Hallo liebe pcgameshardware gemeinde,

also.... ich habe seit wochen folgendes Problem: wen über meine Netzwerkkarte viel Traffic läuft also Downloads etc dan fängts irgendwan an crc fehler zu geben beziehungsweise disconnect problemme aber unten zeigts mir nur ganz selten nen disconnect an aslo sprich gelbes warndreieck.
Ich höhre sehr oft radio streams und die fangen dan auch an zu stotern und gehen gar nicht mehr also die ganze internet connectivität geht dan nicht mehr aber unten wird halt immer noch nichts aufälliges angezeigt.
Und Pingen kann ich auch wie ich lustig bin dan wen der der fehler auftretet hilft nur ein neustart und alles geht wieder bestens aber nur für ca 30min - 2 std und dan geht das wider von vorne los. Ich kann difinitiev als fehlerquelle andere hardware auschließen wie zb roeuter switsch ethernet kabel usw, es muss am pc liegen den bei anderen pcs im netzwerk habe ich den fehler noch nie gehabt und den pc hab ich auch neu wo der fehler auftrettet. Also folgendes habe ich ohne erfolg getestet:

-im geräte manager erweiter einstellungen bei der nic verschiedene einstellungsmöglickeiten durchprobiert(war mir aber nie sicher welche den nun auch richtig sein könnten) 

-firewall deinstalliert und auch dort rum konfiguriert

-Pc direkt am router angeschlossen

-eine von zwei nics deaktiviert

Joa mehr viel mir so nicht ein ich meine den aktuellsten treiber zu haben^^

das ist mein Mainboard: 890FXA-GD70 mit zwei Onboard Nics (Realtek PCIe GBE Family Controller)

und habe Windows 7 x64 Ultimate und hab halt ne fritzbox der PC ist zur zeit direkt ohne switsch am Router angeschlossen.

Es wär super wen jemand mir da weiter helfen könnte bin am verzweifeln......

Ps: als Firewall habe ich Zonealarm hatte den Fehler aber meine ich schon vor dem installieren von Zonealarm und der Allgemeine CrC Fehler von Zonealarm ist mir bekannt aber hat anfürsich nichts mit meinem Problem zu tun^^

Gruß 

AlienWarrior


----------



## Painkiller (3. September 2010)

Hast du die neuesten Updates für dein Mainboard und Windows schon drauf?

Siehe hier:

MSI Technology GmbH - Insist on the Best

Btw.

Thread wurde in das richtige Unterforum verschoben.


----------



## AlienWarrior (3. September 2010)

Hey vielen dank für deine antwort ähm ja hab alles drauf hatte auch nochmal auf der homepage den netzwerk treibe seperat gedownloaded aber ohne erfolg.
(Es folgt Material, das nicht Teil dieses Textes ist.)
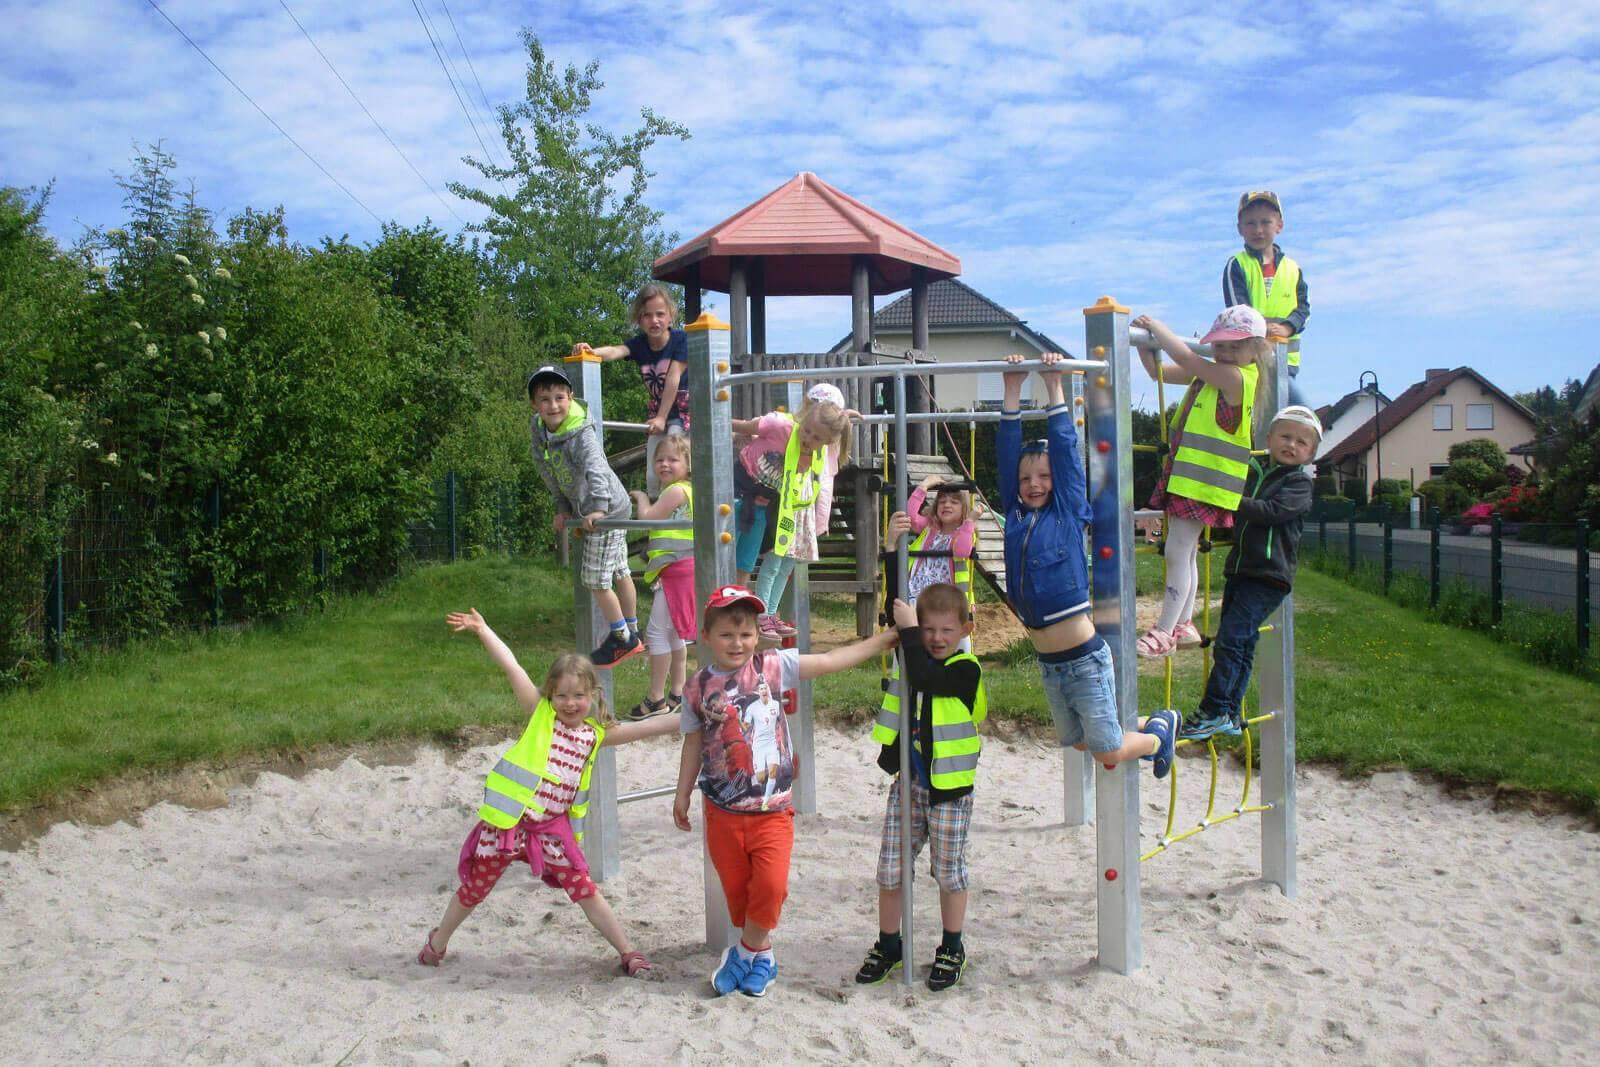 Klettergerüst Für Kleinkinder : Spende für ein klettergerüst durch beyer mietservice

Es giebt allerdings von MSi nen update Manager für treiber den hatte ich zusätzlich mal ausgeführt der meint aber auch das ich den aktuellsten drauf habe. Nen kollege sagte mal das er das selbe Problemm hatte allerdings half bei ihm unter geräte manager erweiterte einstellungen bei der Nic und dan "Seitenskallierung empfangen" Deaktievieren war bei mir aber auch ohne erfolg^^

PS: woher weiß ich das ich im richtigin unterforum bin^^


----------



## CheGuarana (3. September 2010)

Bei welcher Geschwindigkeit ungefähr tritt das ein?
Wenn du mit 6000er Internet volle Pulle downloadest, ist die Netzwerkkarte (bzw der onboardchip) bei weitem nicht ausgelastet.


----------



## Painkiller (3. September 2010)

> PS: woher weiß ich das ich im richtigin unterforum bin^^


Hab deinen Thread vorher in das richtige verschoben.  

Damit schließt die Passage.